# Artificial Neural Network Simplified (Churn Dataset)

### **Goals of the project -** 
* To understand the basic implemetation of the ANN
* To build the ANN layer by layer and understanding the significance of each layer and the arguments used
* To understand how to cross validate the results of ANN
* Learn to fine tune the ANN using Grid Search Mechanism


In [None]:
import pandas as pd
import warnings  
warnings.filterwarnings('ignore') # to ignore the warnings

In [None]:
data = pd.read_csv('../input/churn-modelling/Churn_Modelling.csv')
data.head()

## **Step 1** : Pre-processing

In [None]:
# encoding the categorical columns and getting rid of the redundant columns
geog = pd.get_dummies(data['Geography'], drop_first=True)
gend = pd.get_dummies(data["Gender"], drop_first=True)

In [None]:
# converting these columns to 'int'
geog = geog.astype(int)
gend = gend.astype(int)

In [None]:
# concatenating these encoded variables to the original dataset
data1 = pd.concat([data, gend, geog], axis=1)

In [None]:
# seperating the independent and dependent variables

# taking only the important variables(columns names) from the orignal dataset
feature_cols = ['CreditScore', 'Age', 'Tenure', 'Balance',
                'NumOfProducts', 'HasCrCard', 'IsActiveMember', 'EstimatedSalary', 'Male', 'Germany', 'Spain']

x = data1[feature_cols]
y = data1['Exited']

In [None]:
# splitting the data into training and testing
from sklearn.model_selection import train_test_split
x_train, x_test, y_train, y_test = train_test_split(x, y, test_size=0.2, random_state=2)

In [None]:
# scaling the data to crush the impact of variable with larger weight in the analysis
# this method equalizes range and variability in the dataset
from sklearn.preprocessing import StandardScaler
sc = StandardScaler()
x_train = sc.fit_transform(x_train)
x_test = sc.fit_transform(x_test)

## **Step - 2** : Building the Artificial Neural Network

In [None]:
# importing the required libraries to form an Artificial Neural Network
from keras.models import Sequential     # required to initialize the neural network coz ANN is a sequence of layers
from keras.layers import Dense          # to build the layers in ANN

In [None]:
# initializing the ANN
ann_classifier = Sequential()

**Step 2.1 :** Adding the input layer and the 1st hidden layer

In [None]:
ann_classifier.add(Dense(units=6, kernel_initializer = 'uniform', activation='relu', input_dim=11))

**Arguments used -**
* `units` = no. of nodes in hidden layer, generally half of the total of all variables
* `kernel_initializer` = 'uniform' means assigining weights between 0 and 1 in a uniform manner
* `activation='relu'` means assigning rectifier function at the hidden layer
* `input_dim=11` means no. of input neurons in the input layer (no. of variables in training set)

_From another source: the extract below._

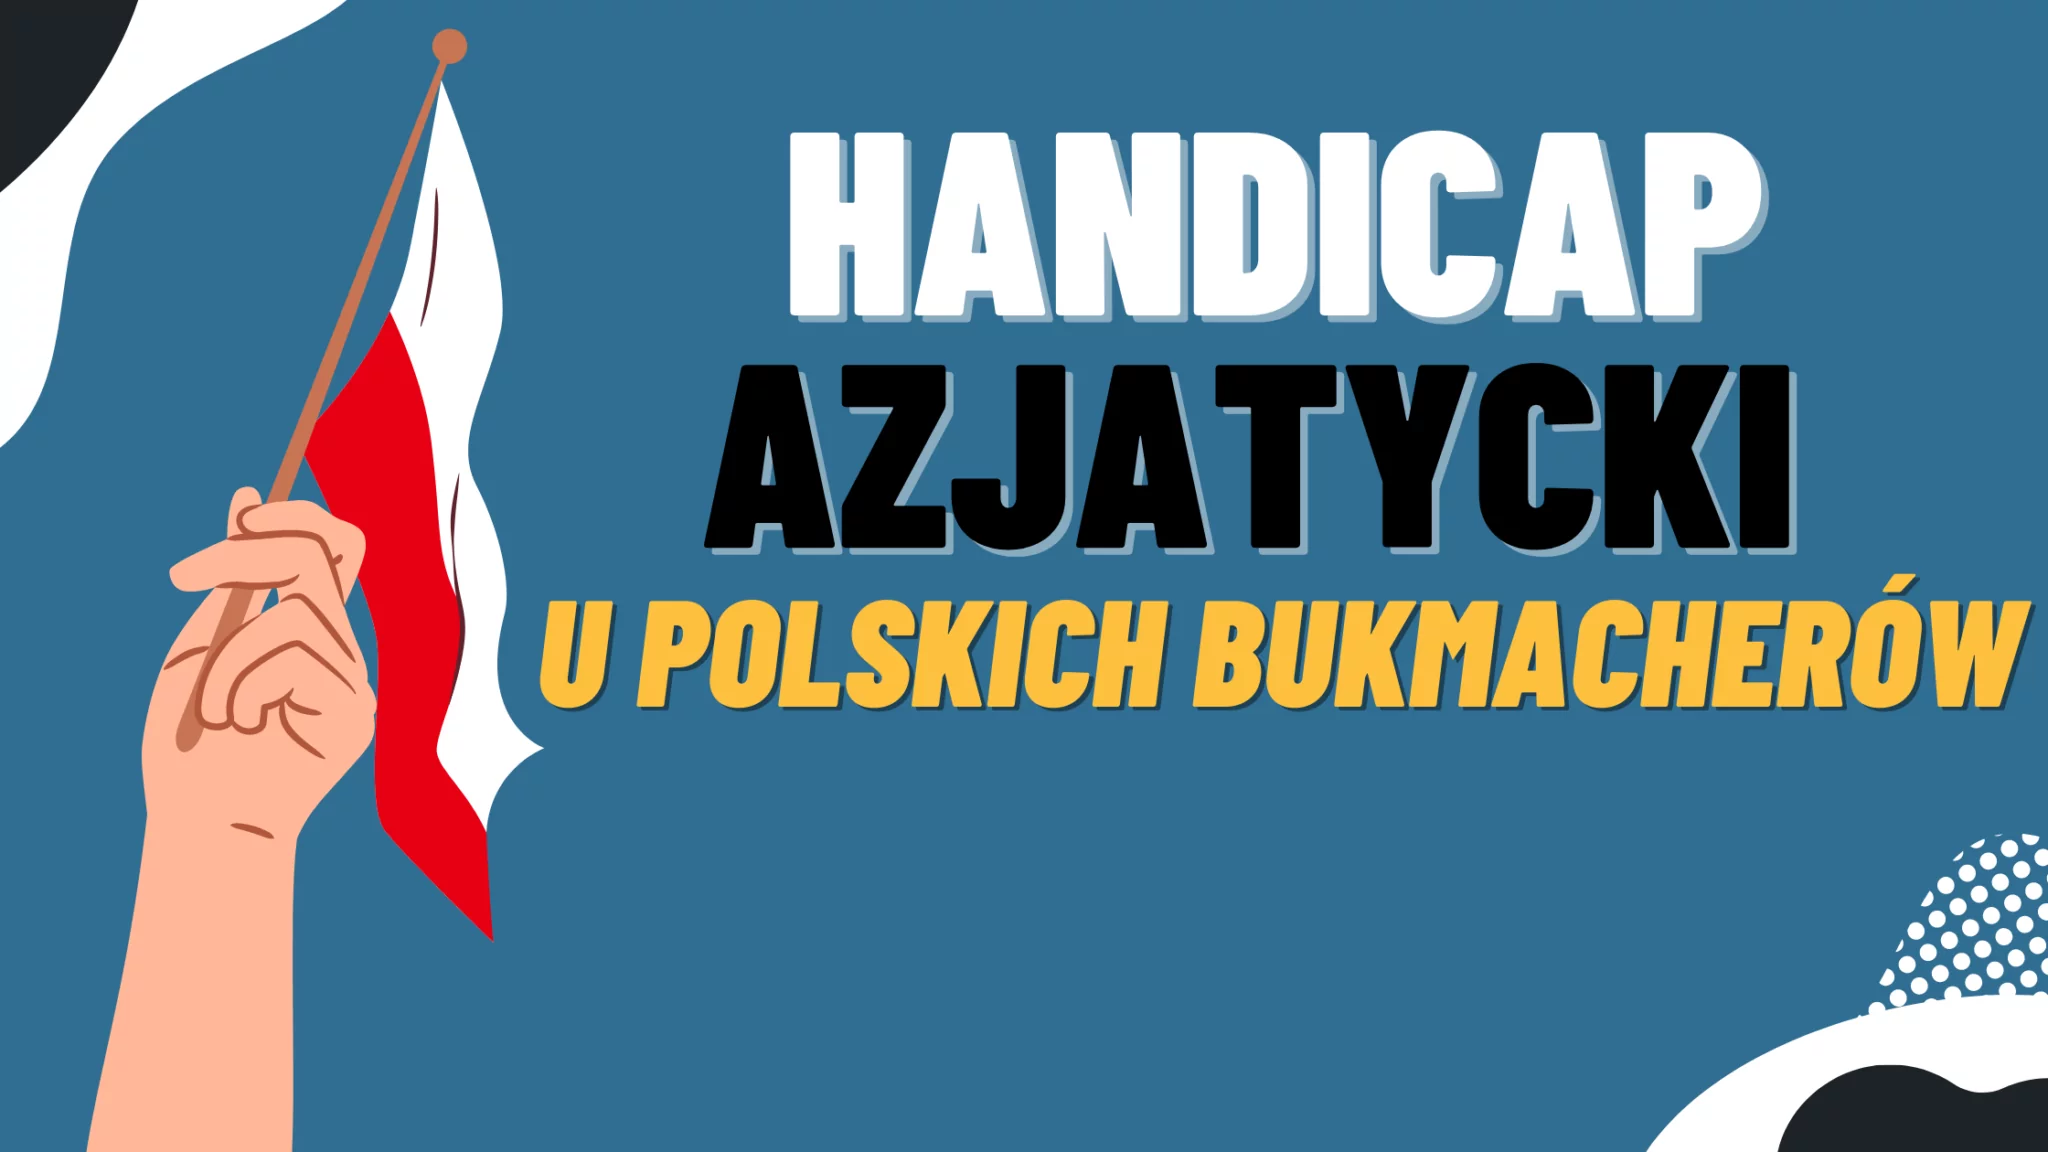 Handicap azjatycki u polskich bukmacherów

**Step 2.2 :** Adding the 2nd hidden layer

This time, there is no need to specify the input layer as the operation above tells this layer what input to expect

In [None]:
ann_classifier.add(Dense(units=6, kernel_initializer = 'uniform', activation='relu'))

**Step 2.3 :** Adding the output layer

In [None]:
ann_classifier.add(Dense(units=1, kernel_initializer = 'uniform', activation='sigmoid'))

**Step 2.4 :** Compiling the ANN

In [None]:
ann_classifier.compile(optimizer='adam', loss='binary_crossentropy', metrics=['accuracy'])

**Arguments used -** 
* `optimizer` = name of the algorithm we want to apply, usually SGD algorithm known by 'adam'
* `loss` = it is a loss function within SGD algorithm, or the function we need to optimize to find optimal weights usually based on the activation function used for the o/p layer, or the type of dependent variable
* `metrics` parameter has [ ] coz it expects a list of values as the weights have been calculated after each observation or each batch of observations. Hence the algorithm uses this parameter to calculate the accuracy to improve the model performance

**Step 2.5 :** Fitting the ANN to the training set

**Arguments used -**
* `batch_size` means after how many observations the weights should be updated
* `epochs` means how many times you want to run through the network
* `1` epoch would signify that whole data has been passed through the network once

In [None]:
ann_classifier.fit(x_train, y_train, batch_size=10, epochs=100)

## **Step 3 :** Predicting the results for test set

In [None]:
y_pred = ann_classifier.predict(x_test)
y_pred = y_pred > 0.5       

* Here we set a threshold of 0.5 
* People having this score greater than 0.5 means a probability of leaving the bank
* Hence we apply a trick here that if values are less than 0.5 then it would return False and if greater than 0.5 it would return True
* Then we plot the Confusion Matrix for the same

In [None]:
from sklearn.metrics import confusion_matrix, accuracy_score
cm = confusion_matrix(y_test, y_pred)
print(cm)
print("The accuracy obtained on testing set is", round((accuracy_score(y_test, y_pred) * 100), 2), '%')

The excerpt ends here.